*Assignment*.
Leaving out every picture, quote the data below exactly as it appears.

*The data*.

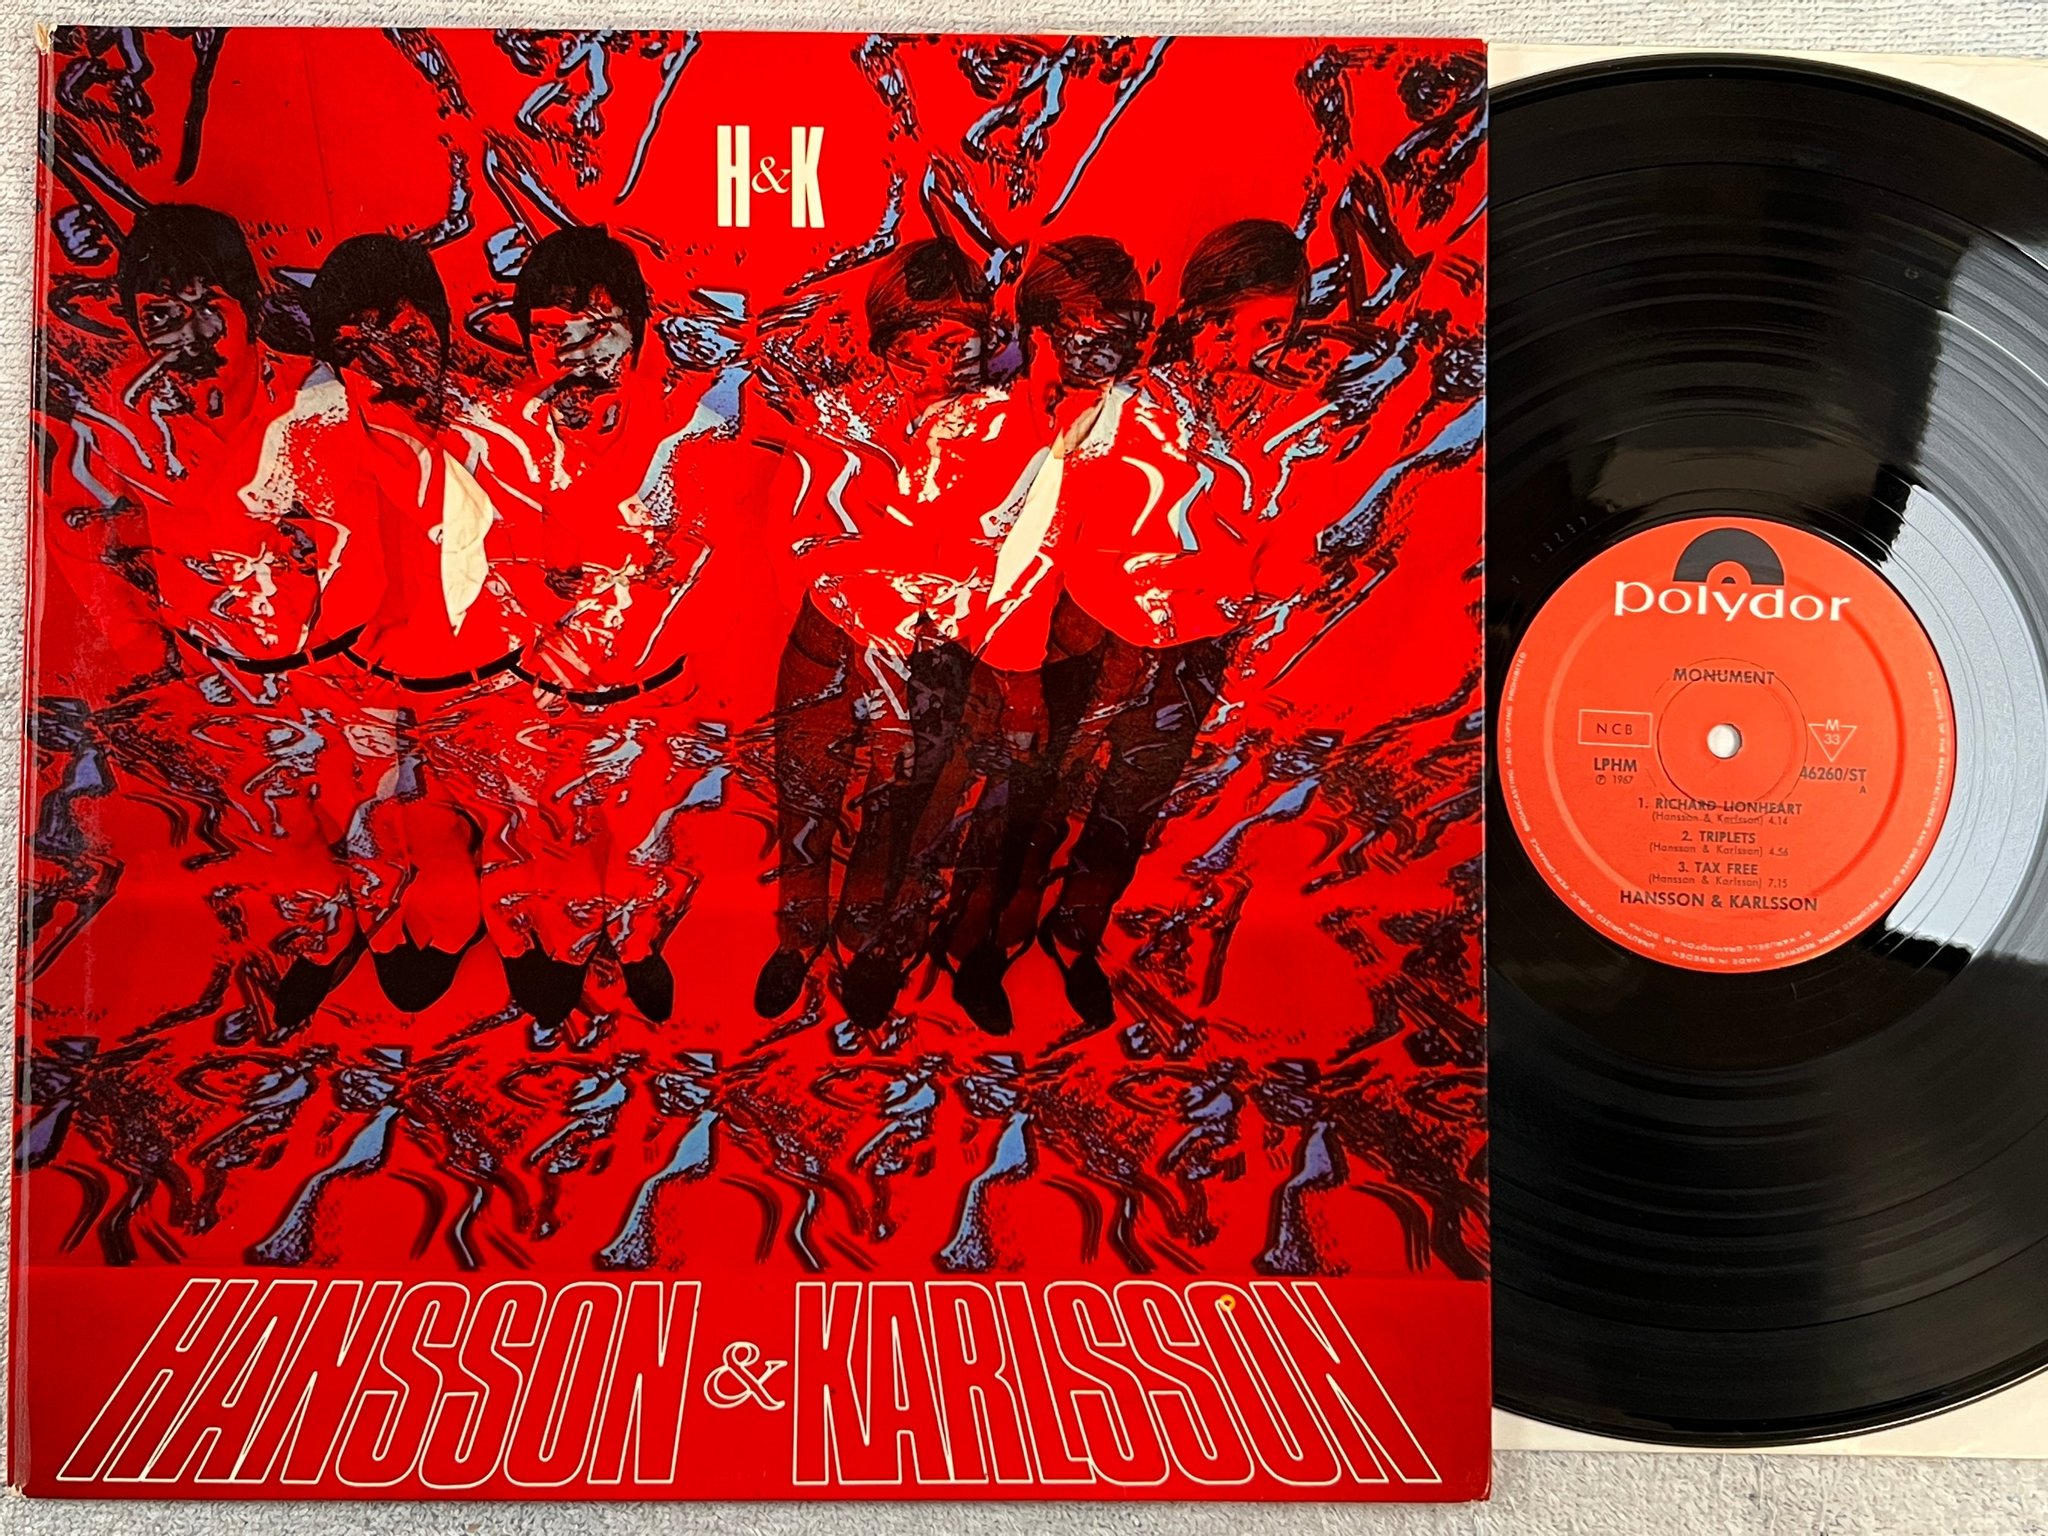 Omslagsbild för skivan HANSSON & KARLSSON monument LP -67 swe  POLYDOR 46260 ST ** classic **
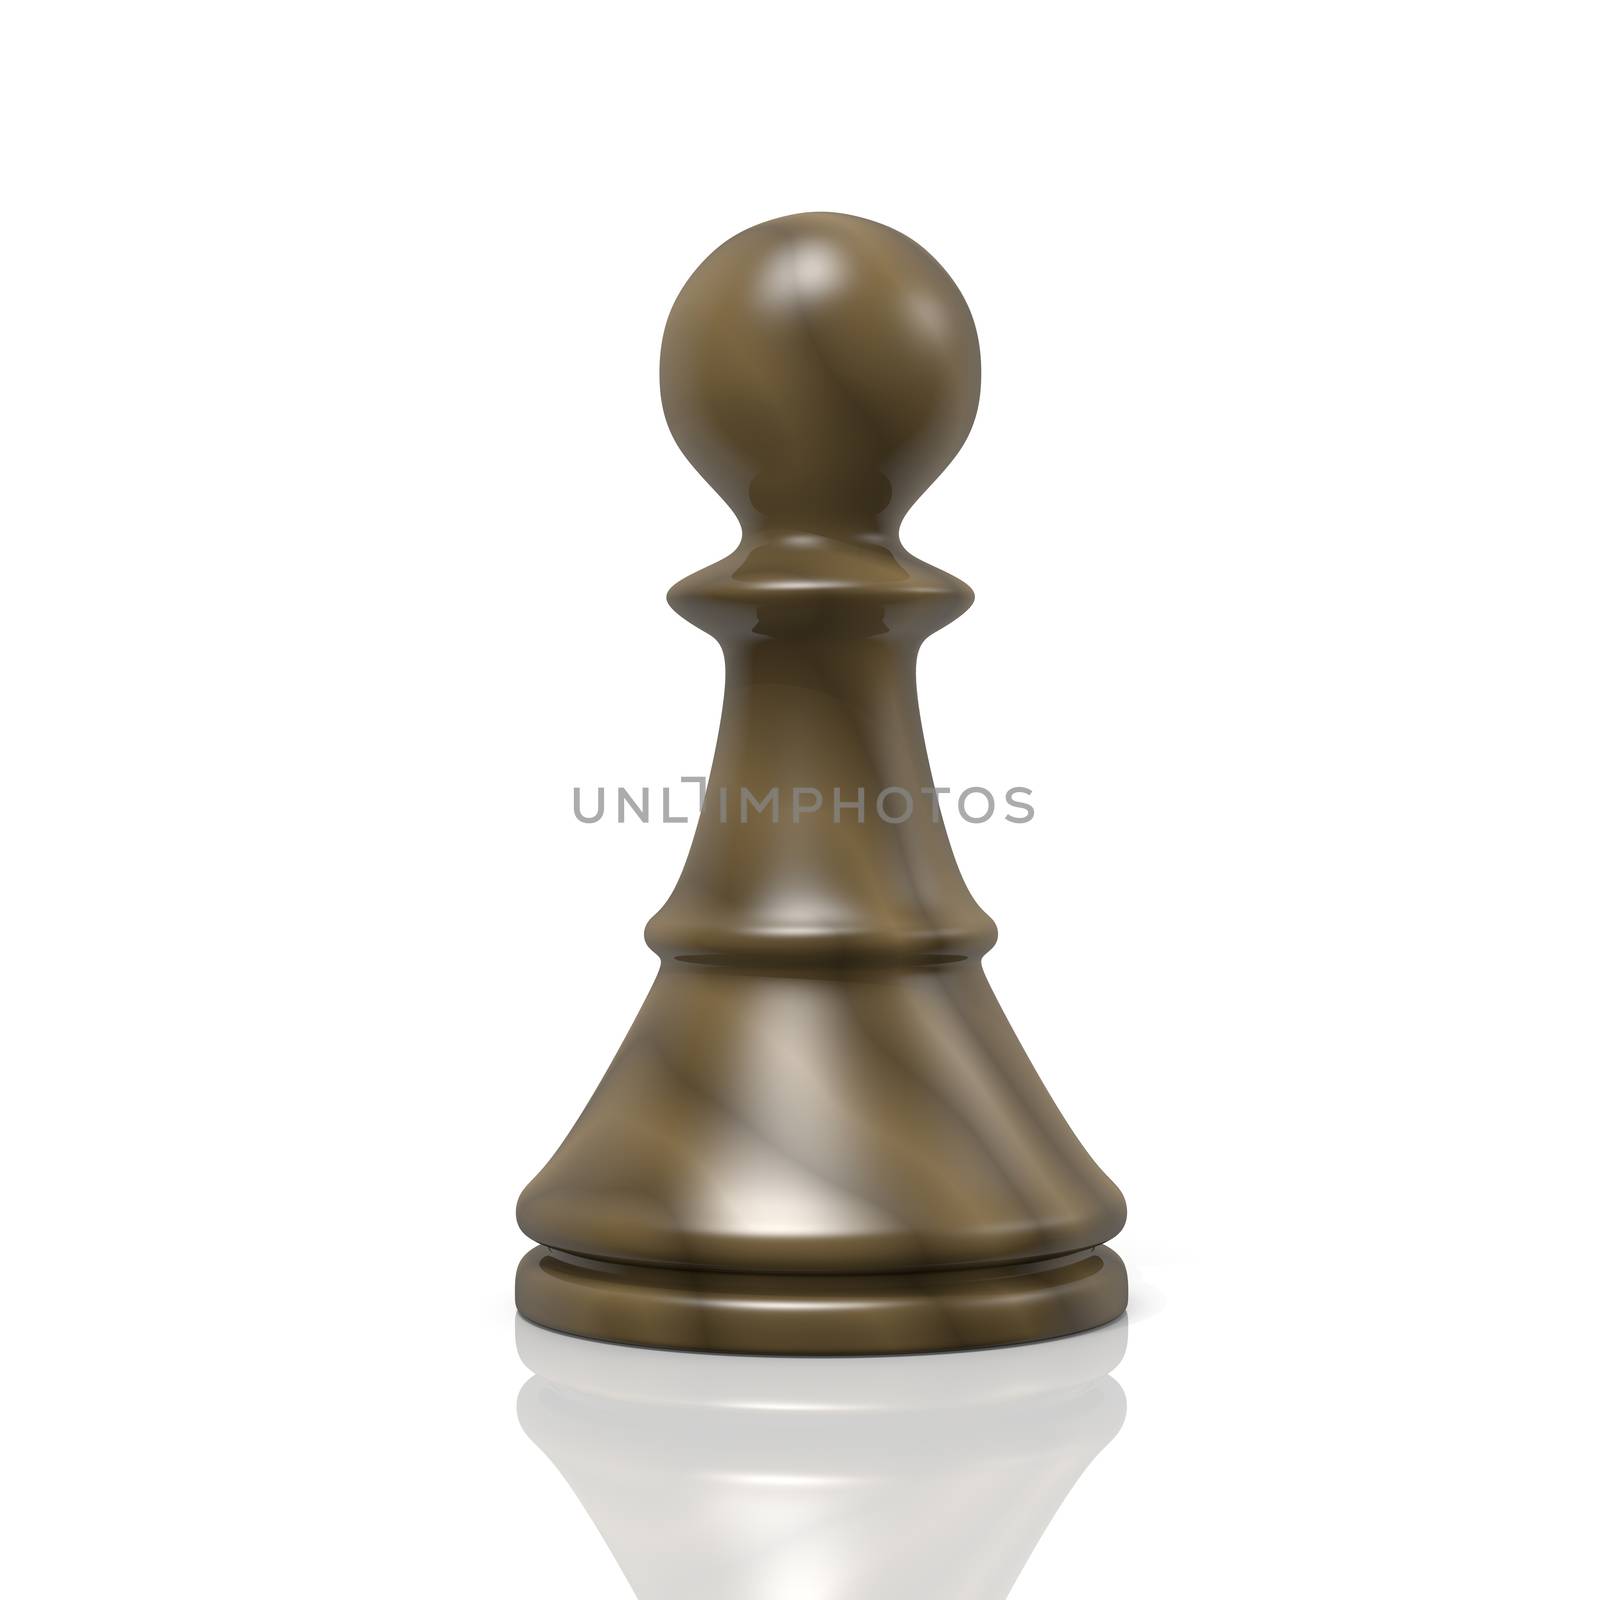 Black Chessman by make
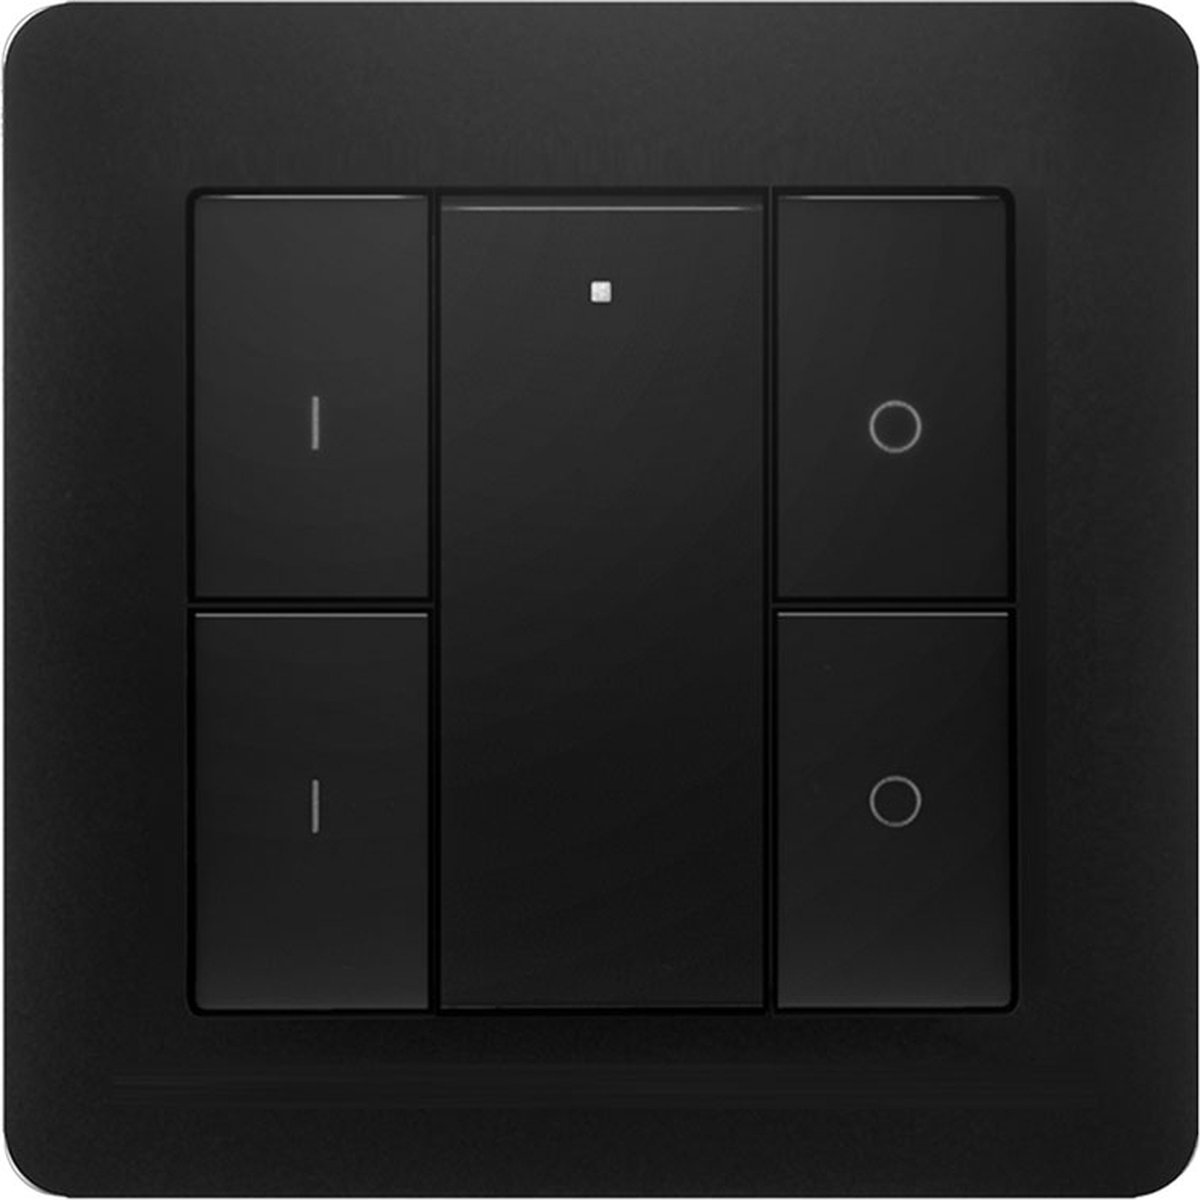 Zigbee interrupteur mural sans fil noir 2 zones - Incl. batterie

*Written answer*.
 Omslagsbild för skivan HANSSON & KARLSSON monument LP -67 swe  POLYDOR 46260 ST ** classic **
 Black Chessman by make
 Zigbee interrupteur mural sans fil noir 2 zones - Incl. batterie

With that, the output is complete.